Ever Since Eve is a 1937 romantic comedy film starring Marion Davies (in her final film) and Robert Montgomery.

Plot
Marge Winton (Marion Davies) is fed up with having to quit job after job to avoid the advances of lecherous bosses. When she goes to the employment agency, she is surprised to discover that she is too beautiful for one position. So she gives herself a makeover, hiding her blond curls under a dark, severe wig, putting on glasses, and wearing a drab, unflattering dress.

The disguise works. Book publisher Abigail Belldon (Louise Fazenda) hires her as a secretary for lazy writer Freddy Matthews (Robert Montgomery). Freddy would rather go out and party with his girlfriend Camille Lansing than start on his novel.

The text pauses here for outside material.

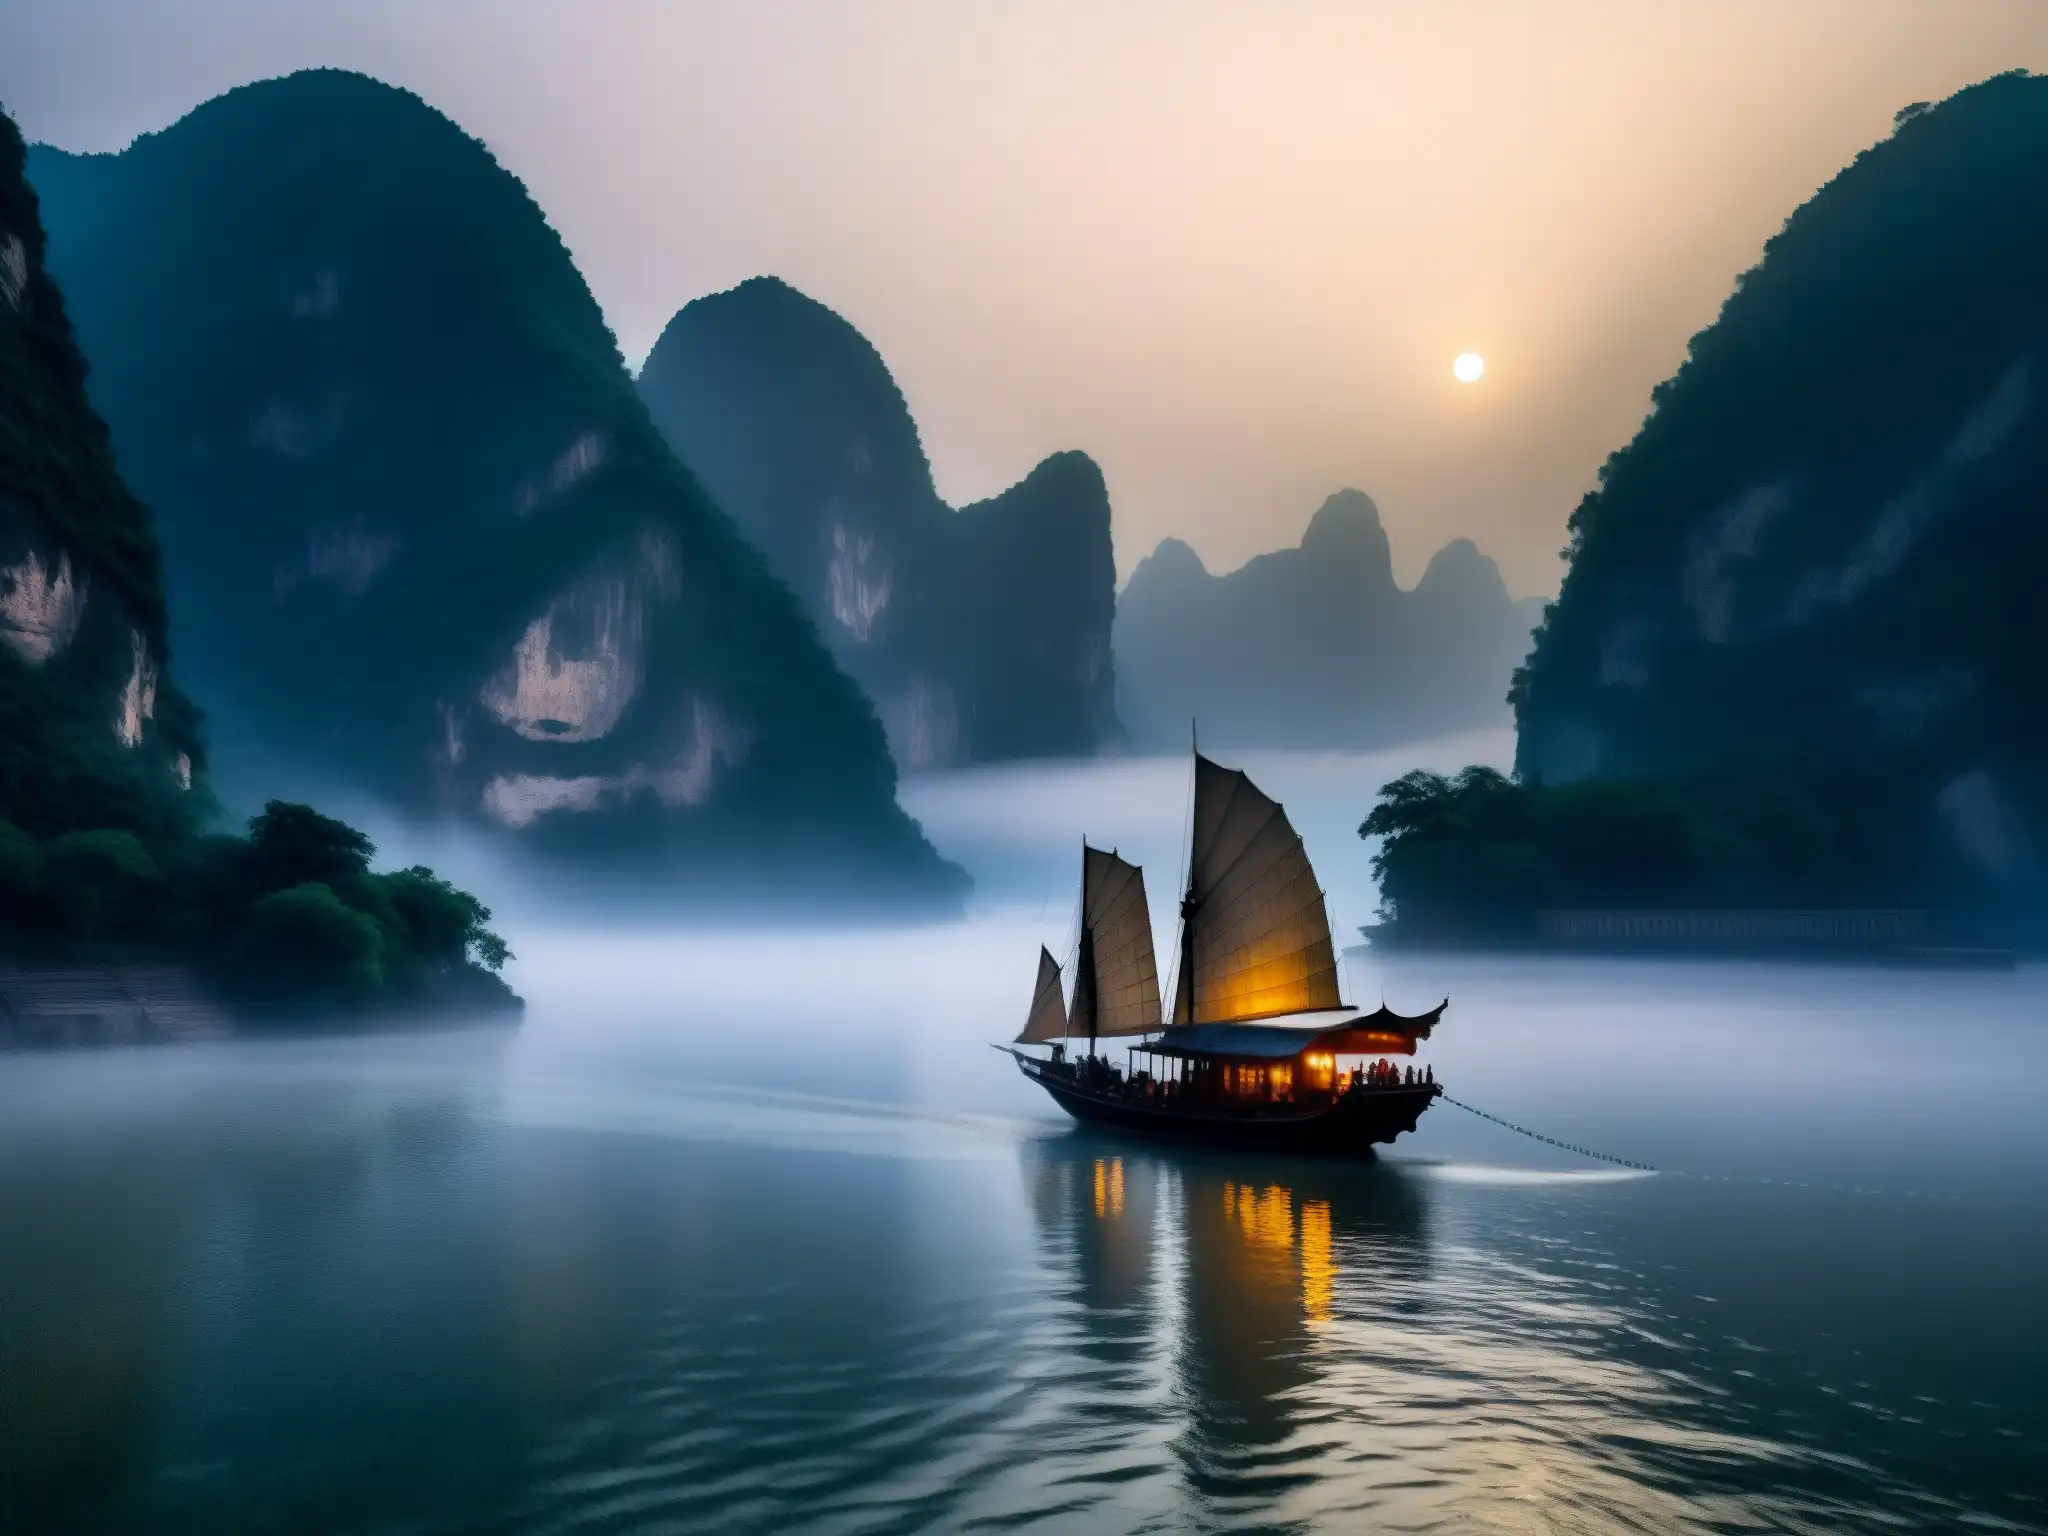 Un barco fantasma navega misteriosamente en la niebla del río Yangtsé, iluminado por linternas, creando una atmósfera etérea y misteriosa

Abigail has already sold the film rights, and the deadline for delivering the book to the film studio is fast approaching. She figures a plain secretary will be one less distraction.

Despite his initial displeasure at Marge's appearance, Freddy gives in and accepts her. However, Camille keeps taking up too much of Freddy's time and attention, and Marge begins to fall for him as well. Thus, Marge has plenty of reason to try to sabotage their relationship. When this is discovered, she quits.

A complication arises when Freddy decides to rehire her. He shows up at her apartment unexpectedly and sees her without her disguise, so she has to pretend to be her roommate Sadie (Patsy Kelly). They spend the entire evening and part of the morning getting acquainted.

With the deadline only days away, however, Marge pretends to go out of town for a couple of weeks. The plan backfires. Instead of writing, Freddie goes after her. Camille finds out and follows as well. Marge has no choice but to show up at the hotel, registering first as the plain secretary, then as Sadie, juggling her two personas to keep Freddie in the dark. She finally gets an outline from him for the last few chapters, which she uses to finish the novel on her own.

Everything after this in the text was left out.